His solution, the Piotroski F-Score, became a cornerstone of fundamental quantitative analysis.
#The Value Trap Problem
Value investing inherently involves buying companies that the market has abandoned. While a portfolio of cheap stocks outperforms a portfolio of expensive stocks on average, the internal distribution of a value portfolio is highly skewed.
Historically, less than 44% of firms in the highest book-to-market quintile earn positive market-adjusted returns in the following year. A small number of massive winners pull up the average, while the majority of the portfolio slowly bleeds out or goes bankrupt. This is the definition of a value trap.
#The 9-Point F-Score Framework
Piotroski designed a binary 9-point scoring system using information found universally in corporate financial statements. A company scores 1 point for passing a test, and 0 points for failing it. The tests evaluate three specific areas of a firm's financial health:
1. Profitability (4 points) - **Positive Return on Assets (ROA):** 1 point if net income is positive. - **Positive Operating Cash Flow (CFO):** 1 point if operating cash flow is positive. - **Rising ROA (ΔROA):** 1 point if the current year's ROA is higher than the previous year's ROA. - **Quality of Earnings (Accruals):** 1 point if operating cash flow strictly exceeds net income. This ensures profits aren't just accounting fiction.
2. Leverage, Liquidity, and Source of Funds (3 points) - **Decreasing Leverage (ΔLeverage):** 1 point if the ratio of long-term debt to total assets decreased from the prior year. - **Increasing Liquidity (ΔCurrent Ratio):** 1 point if the current ratio (current assets / current liabilities) improved over the past year. - **No Dilution (Eq_Offer):** 1 point if the company did not issue new common equity in the last year. Distressed firms issuing equity usually signals desperation.
3. Operating Efficiency (2 points) - **Increasing Gross Margin (ΔMargin):** 1 point if gross margins expanded year-over-year. This signals pricing power or reduced factor costs. - **Increasing Asset Turnover (ΔTurnover):** 1 point if asset turnover (revenue / average total assets) improved.

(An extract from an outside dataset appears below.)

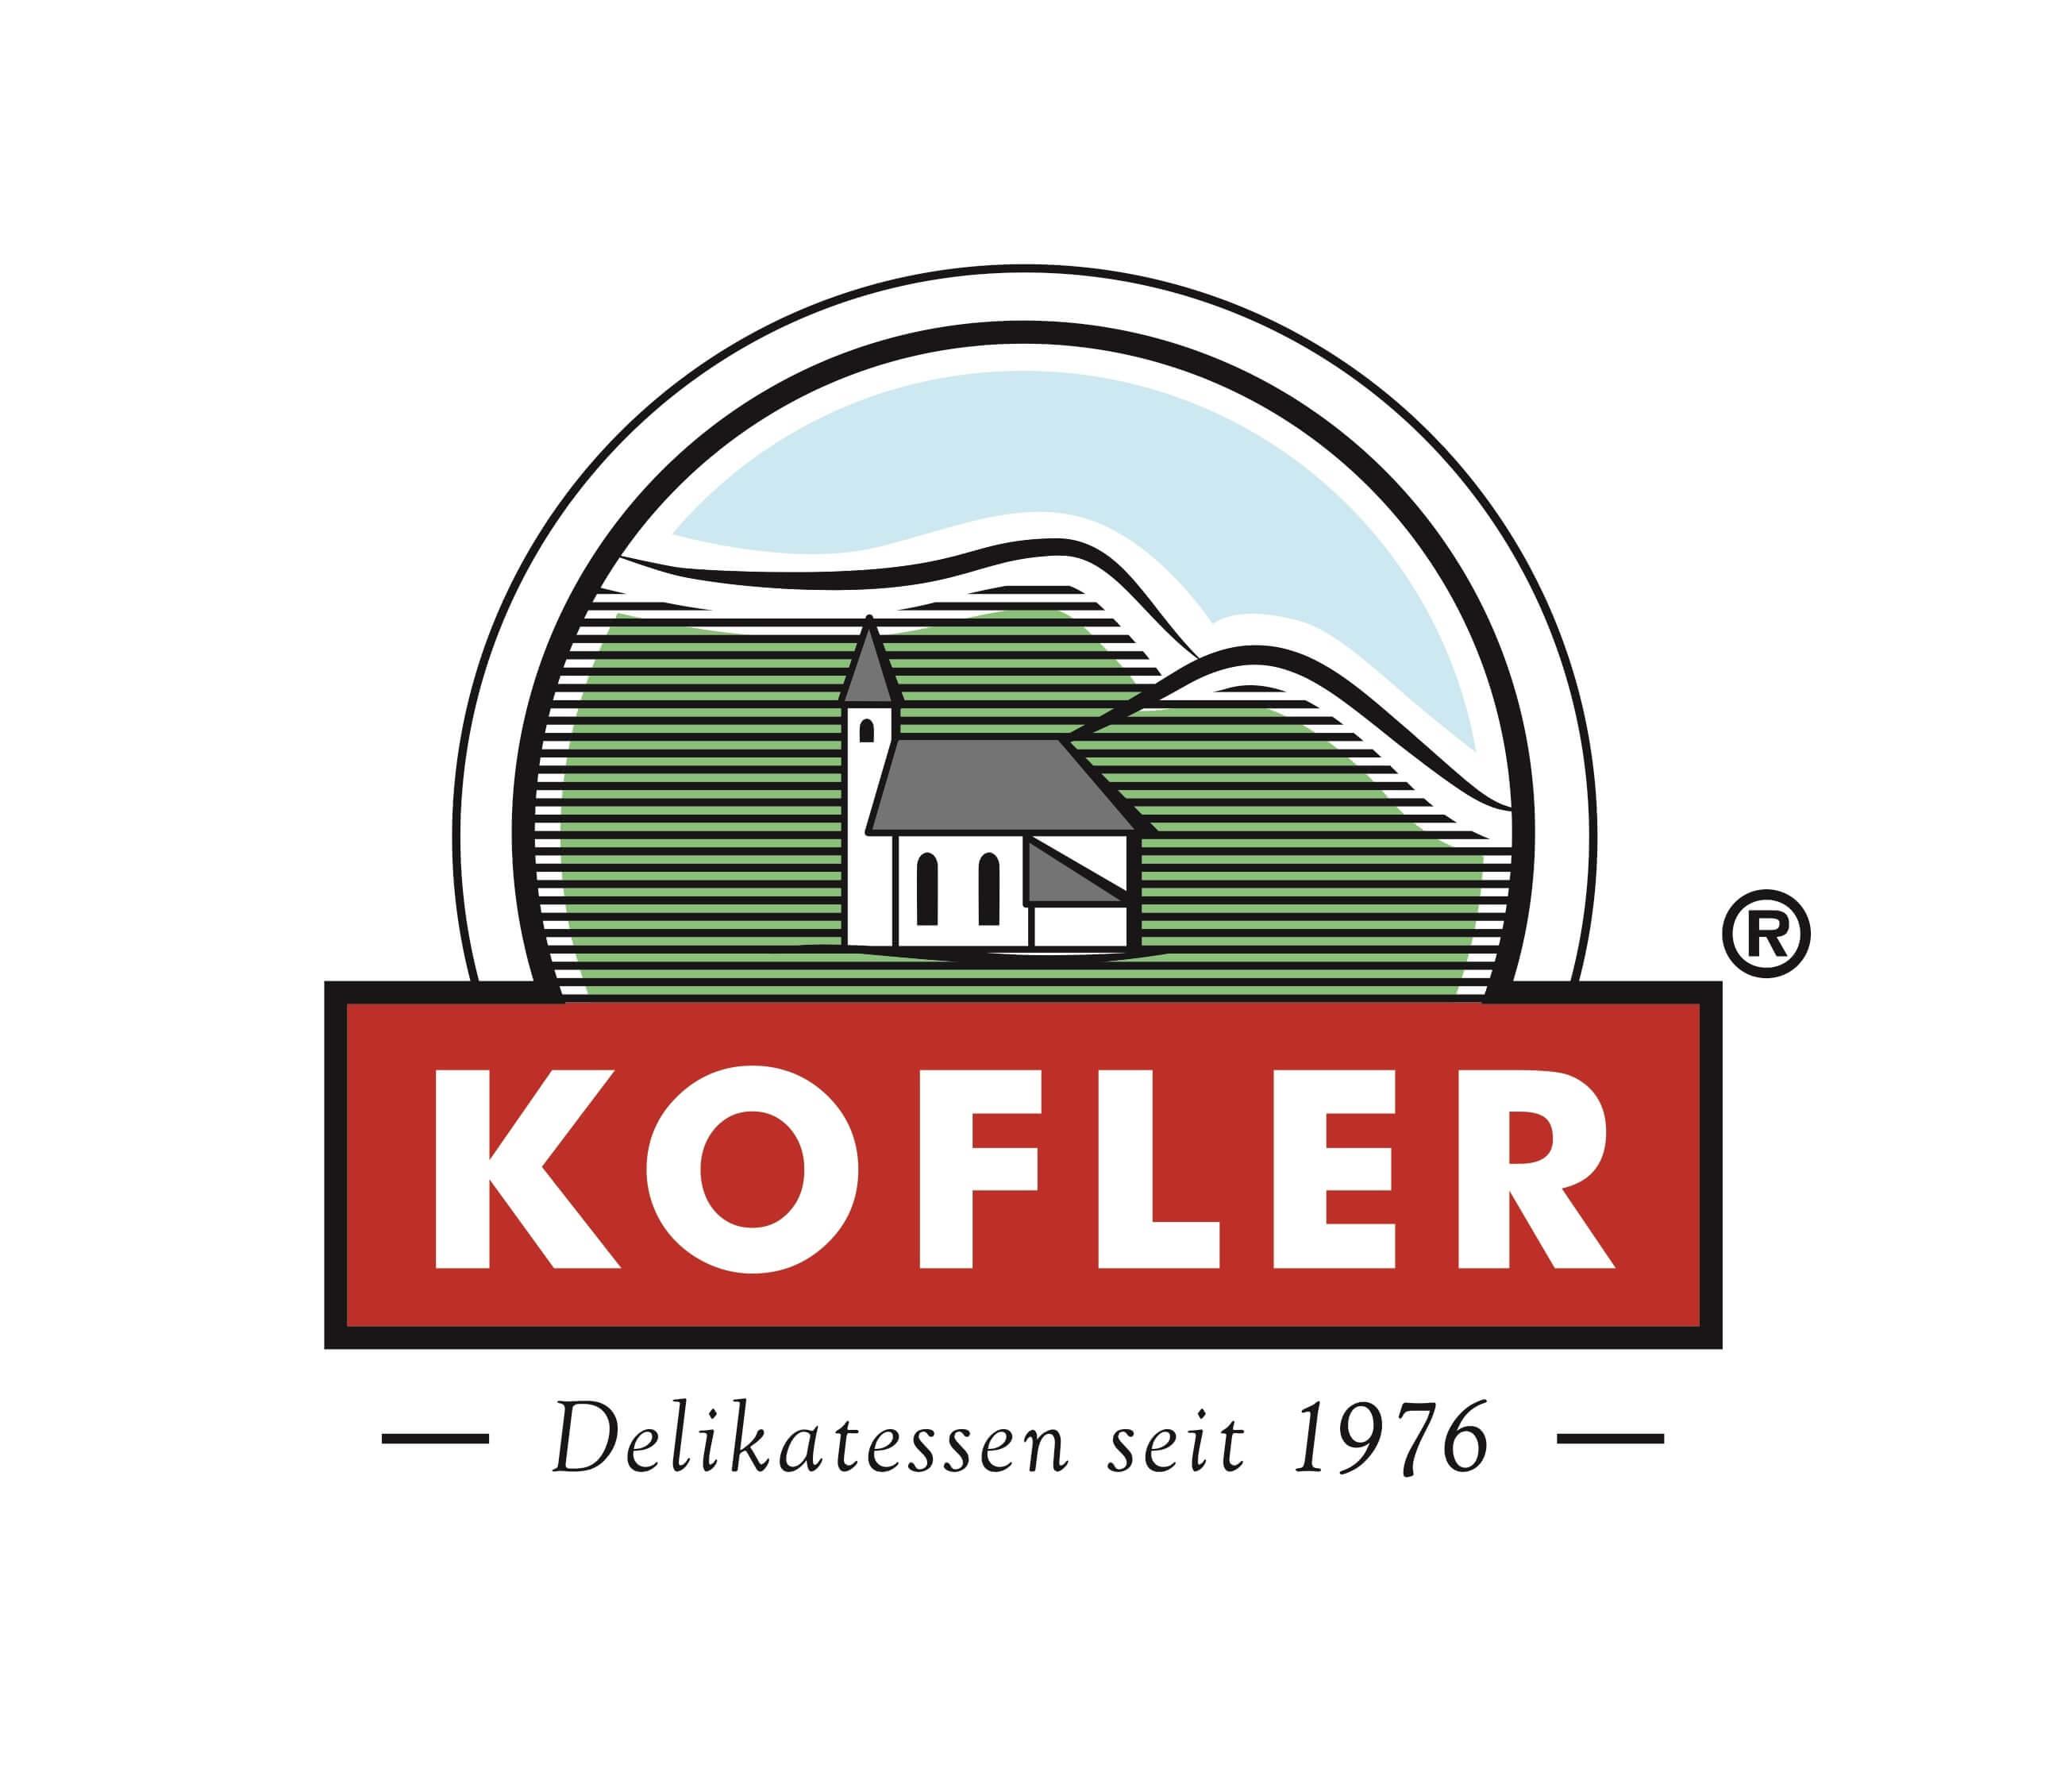 Kofler Delikatessen GmbH

This signals greater productivity from the firm's asset base.
#The Empirical Results
Piotroski tested his F-Score on all high book-to-market (cheap) firms from 1976 to 1996. The results were startling.
The Power of High Scores Firms that scored an 8 or 9 generated an average annual return that was 7.5% higher than the average return of the entire high book-to-market portfolio.

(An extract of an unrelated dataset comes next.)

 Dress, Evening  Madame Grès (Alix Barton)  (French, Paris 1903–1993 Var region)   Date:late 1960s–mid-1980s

The Long/Short Spread By buying the high F-Score value stocks (scores 8-9) and shorting the low F-Score value stocks (scores 0-1), Piotroski's simulated strategy generated an astonishing 23% annual market-adjusted return between 1976 and 1996.
#Conclusion & Application
The greatest lesson from Piotroski is that "cheap" is not an investment thesis. Cheap combined with improving fundamental trajectory is an investment thesis.